ストームの翌朝の表面雪。
表面40cmの雪は大まかに3つの層から成っていた。
表面の層は新雪からしまり雪になりかけ。
以前からあった雪と,ストームで新たに降った雪がごちゃ混ぜになったような印象。
その下に,結晶の粒が大きい,光をよく通す層があった。
写真,一番下の層は上と比べてはっきり固い層。
アラスカ大フェアバンクス校のBenson教授のリクエストがあり,水の安定同位対比測定用のサンプルをとった。
Benson教授は一つのストームの中で降雪の同位対比がどのように変わるか,に興味がある。
今回のストームに限って言えば降雪は少なく,表面積雪のほとんどが風上方向の雪が地吹雪で舞い上がった後,堆積したものだ。
あまり良いサンプルではない。
これは山岳地域での研究の難しさだ。
さて,今日の私の仕事はそのBenson教授とDanが四半世紀近い昔,1982年に雪氷コアを掘削した地点で再びコアを掘ることだ。
Bensonさん等のサイトは私たちの最新の掘削地点よりも北西側に1.6km行ったところにある。
Bensonさん等の雪氷コアによると,1950年代から1980年代前半では,1年間の雪の堆積量(涵養量)は水の量に換算して約0.9m。
私たちの最近の結果では1990年代前半から現在,1年間に積もる量は2.5mと3倍近い量になっている。
これは,ランゲル山のミステリーの一つ。
この違いについては2つの可能性が考えられる。
■積もる雪の量が突然増えた
■掘った場所による違い
1982年の掘削地点の方が卓越風向[もっとも吹く可能性の高い風向]の風上側にあるので,一度積もった雪が吹き飛ばされてしまって風下側に積もることは十分考えられる。

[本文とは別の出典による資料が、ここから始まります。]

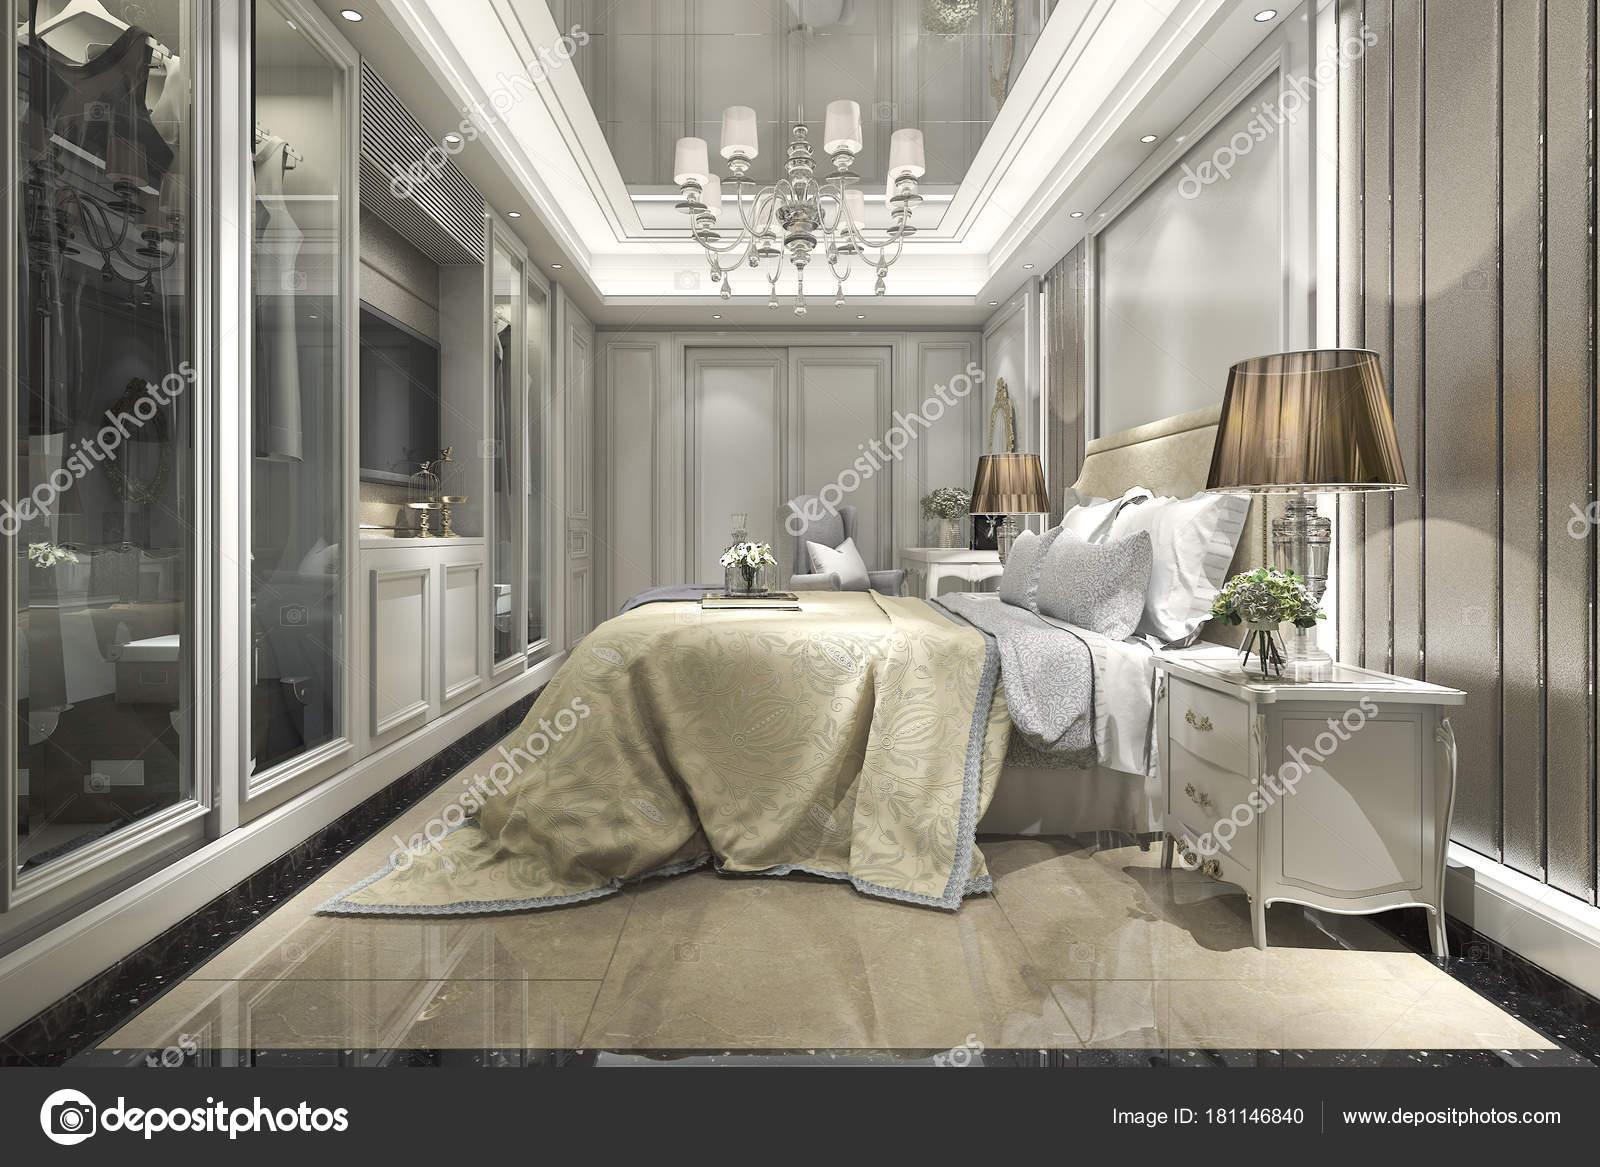 3D Rendu Luxe Moderne Classique Chambre Avec Dressingu2013 Images De Stock  Libres De Droits

そこで,現在1982年の掘削地点と最新の掘削地点でどのくらい積もる量に差があるのか,調べることにしたのだ。
テントの前でコア掘削作業に必要な物を整理。
ドリル,その他必要なものをアシスタントのAndy,Frankに手伝ってもらい,運び出した。
雪氷コアの掘削風景。
後ろに見えているのがランゲル山頂。
ちなみに1982年の掘削風景はこちら。
[写真:Carl Benson/Dan Solie]
場所は地図から読み取り,GPSを使って同定した。
だいたい同じ場所で掘れたはず。
2~3年分に相当する,約14mの雪氷コアを掘削した。
この地点で掘った雪氷コアについては密度を測定,融解等による氷板や粗大粒子の層の深さを記録した後,その場で削ってボトルに詰めてしまった。
ボトル詰め作業をするAndy。
ランゲル山ではおおよそ毎年,夏場に~数ミリ厚の氷板が出来る。
1982年コアサイトで掘った雪氷コアでは,最新の山頂カルデラ中央の掘削地点(積雪深観測タワー/今夏のキャンプ地点)よりも浅いところで前年,一昨年の氷板が出てきた。
ということは,風上にある1982年サイトの方が堆積量が少ない。
その量はカルデラ中央部のおおよそ70%。
これだけでは1982年の雪氷コアと,最新の雪氷コア(2003/2004年)の涵養量の3倍近い違いは説明出来ないから,確かにどこかで涵養量が大きく変わったのだ。